• **Brief**: Among the lines of data below, reproduce only those from the one with "Lunya Sleepwear Washable" through the one with "dyeing machine", exactly as they stand, both ends included.

• **Data records**:
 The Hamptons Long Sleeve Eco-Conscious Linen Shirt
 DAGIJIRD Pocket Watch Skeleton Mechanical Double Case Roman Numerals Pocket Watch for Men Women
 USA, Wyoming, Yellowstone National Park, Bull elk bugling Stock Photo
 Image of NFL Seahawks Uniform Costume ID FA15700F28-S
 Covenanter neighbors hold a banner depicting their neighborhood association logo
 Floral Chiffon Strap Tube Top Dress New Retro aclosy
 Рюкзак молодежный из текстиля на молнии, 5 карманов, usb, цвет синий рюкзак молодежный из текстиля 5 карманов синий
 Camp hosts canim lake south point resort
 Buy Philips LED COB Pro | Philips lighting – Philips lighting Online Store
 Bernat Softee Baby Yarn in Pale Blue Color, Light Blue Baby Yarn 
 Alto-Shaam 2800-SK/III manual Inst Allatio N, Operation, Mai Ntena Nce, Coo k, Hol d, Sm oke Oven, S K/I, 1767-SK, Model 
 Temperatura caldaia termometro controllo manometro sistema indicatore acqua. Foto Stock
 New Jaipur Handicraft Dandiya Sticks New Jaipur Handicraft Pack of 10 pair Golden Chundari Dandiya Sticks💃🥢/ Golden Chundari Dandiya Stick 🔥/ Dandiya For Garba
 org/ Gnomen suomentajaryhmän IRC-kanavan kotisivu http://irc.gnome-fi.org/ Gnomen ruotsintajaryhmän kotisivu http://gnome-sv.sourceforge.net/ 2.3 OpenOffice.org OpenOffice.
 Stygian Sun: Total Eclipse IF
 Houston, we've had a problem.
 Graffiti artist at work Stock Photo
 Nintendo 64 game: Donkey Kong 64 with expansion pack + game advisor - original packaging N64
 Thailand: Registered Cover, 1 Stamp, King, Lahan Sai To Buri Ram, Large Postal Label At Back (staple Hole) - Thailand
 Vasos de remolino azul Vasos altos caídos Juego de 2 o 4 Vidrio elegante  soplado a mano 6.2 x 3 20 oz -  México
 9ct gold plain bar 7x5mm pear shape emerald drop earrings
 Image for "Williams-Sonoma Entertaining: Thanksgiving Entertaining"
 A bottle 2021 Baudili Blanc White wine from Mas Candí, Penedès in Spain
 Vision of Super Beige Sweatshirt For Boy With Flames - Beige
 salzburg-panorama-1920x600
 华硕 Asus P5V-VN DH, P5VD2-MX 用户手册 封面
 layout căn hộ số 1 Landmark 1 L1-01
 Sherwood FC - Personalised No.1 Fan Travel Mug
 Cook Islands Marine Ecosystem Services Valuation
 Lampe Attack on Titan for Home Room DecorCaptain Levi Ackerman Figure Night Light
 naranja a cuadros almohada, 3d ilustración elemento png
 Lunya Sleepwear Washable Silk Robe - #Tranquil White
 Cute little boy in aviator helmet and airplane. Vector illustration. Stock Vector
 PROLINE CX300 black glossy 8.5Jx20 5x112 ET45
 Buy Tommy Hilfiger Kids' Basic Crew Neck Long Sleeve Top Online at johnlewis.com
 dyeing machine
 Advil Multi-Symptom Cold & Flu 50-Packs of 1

• **Solution for this problem**:
 Lunya Sleepwear Washable Silk Robe - #Tranquil White
 Cute little boy in aviator helmet and airplane. Vector illustration. Stock Vector
 PROLINE CX300 black glossy 8.5Jx20 5x112 ET45
 Buy Tommy Hilfiger Kids' Basic Crew Neck Long Sleeve Top Online at johnlewis.com
 dyeing machine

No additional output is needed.